Federated Runtime
Federated Runtime refers to a computational environment where machine learning models or complex applications are executed across a network of decentralized devices or servers, rather than on a single central server. Instead of pooling all raw data into one location, the runtime manages the process of training or running models locally on the data sources.
In modern data-intensive applications, data sovereignty, privacy regulations (like GDPR), and bandwidth limitations make centralized data aggregation impractical or illegal. Federated Runtime addresses these issues by bringing the computation to the data, ensuring sensitive information remains local while still contributing to a global model improvement.
The process typically involves a central orchestrator that distributes a global model or training task to various local nodes (clients). Each local node trains or runs the model using its private, local dataset. Only the resulting model updates or parameters—not the raw data—are sent back to the orchestrator. The orchestrator then aggregates these updates (e.g., using Federated Averaging) to create an improved global model, which is then redistributed for the next round of training.
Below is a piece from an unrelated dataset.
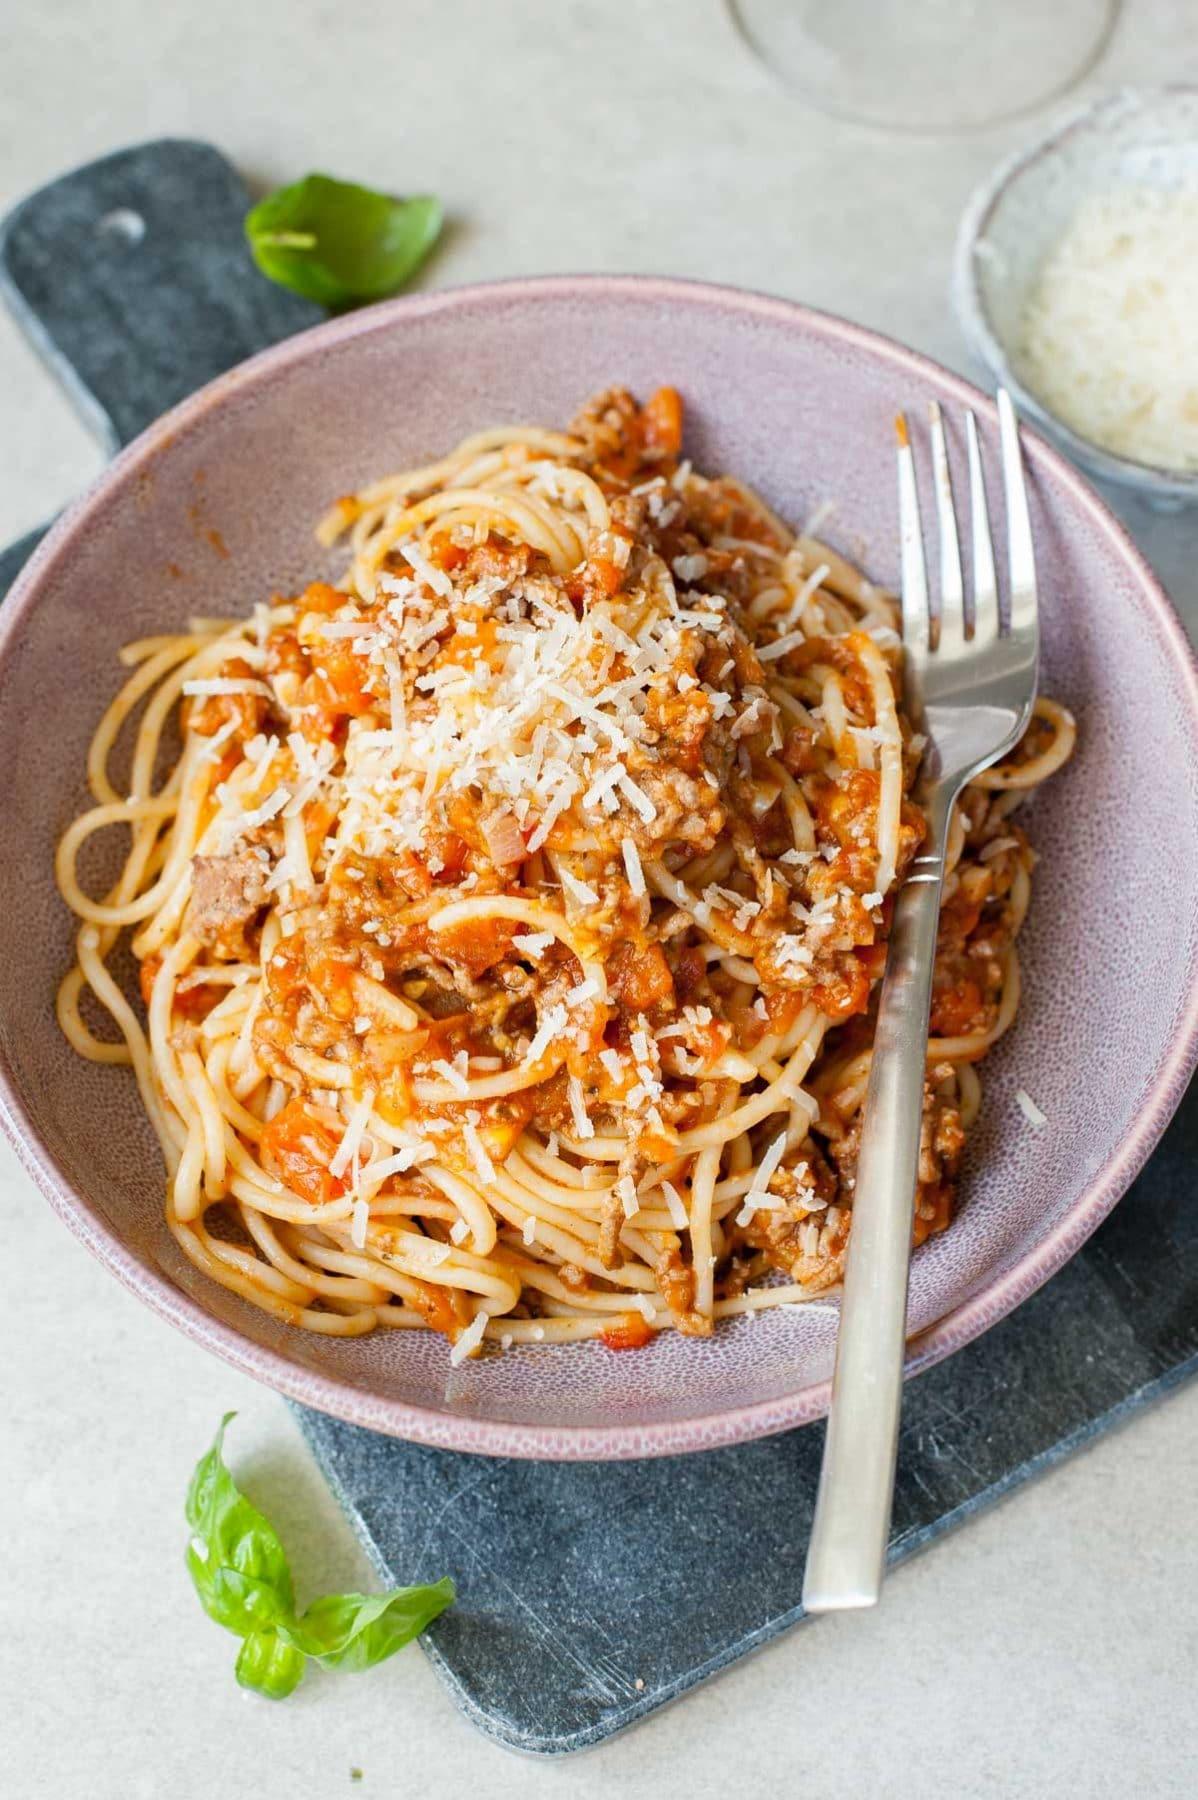 Szybkie spaghetti z mięsem i sosem ze świeżych pomidorów posypane parmezanem we fioletowej misce
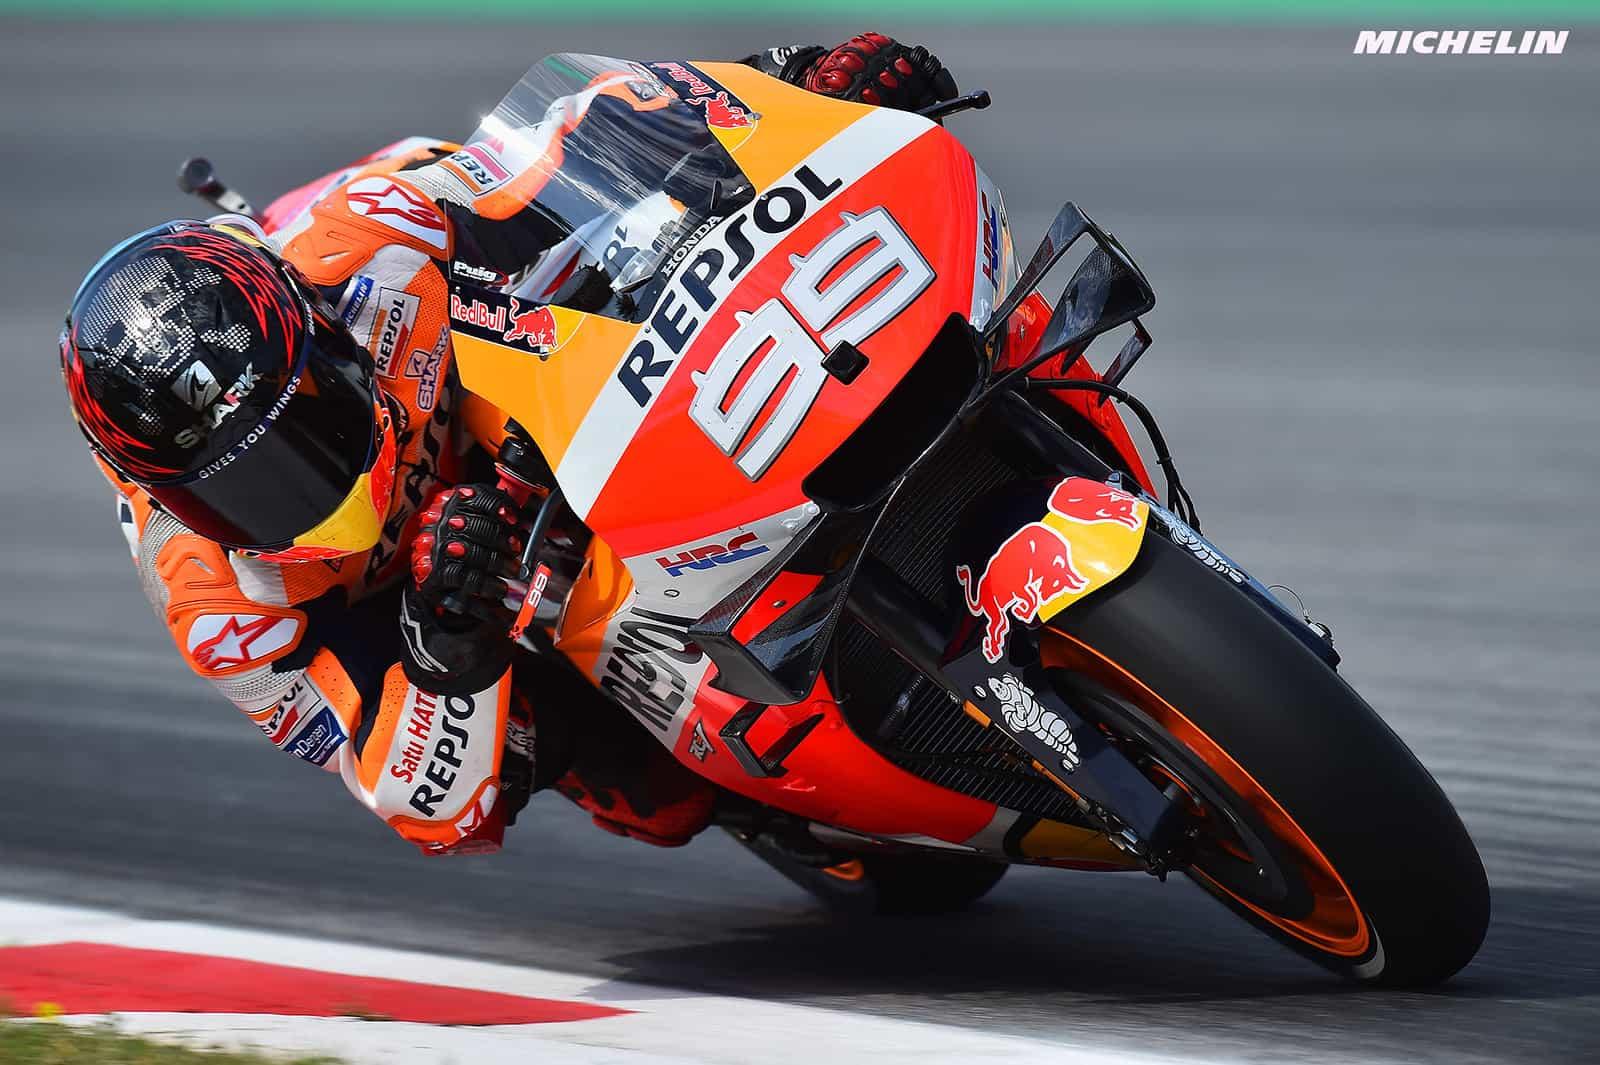 MotoGP2019オランダGP ロレンソ FP1の転倒で胸椎を損傷

Federated Runtime is critical in scenarios involving sensitive data: healthcare (training diagnostic models on hospital data), mobile device learning (improving keyboard prediction without uploading keystrokes), and IoT deployments where real-time inference must occur at the edge.
Implementing a federated runtime introduces complexities related to system heterogeneity (different hardware/software across nodes), communication overhead for parameter exchange, and ensuring model convergence despite non-IID (non-identically and independently distributed) local data.
This concept overlaps significantly with Edge Computing, which focuses on processing data near the source, and Differential Privacy, which is a technique often layered on top of federated learning to add mathematical guarantees against data leakage.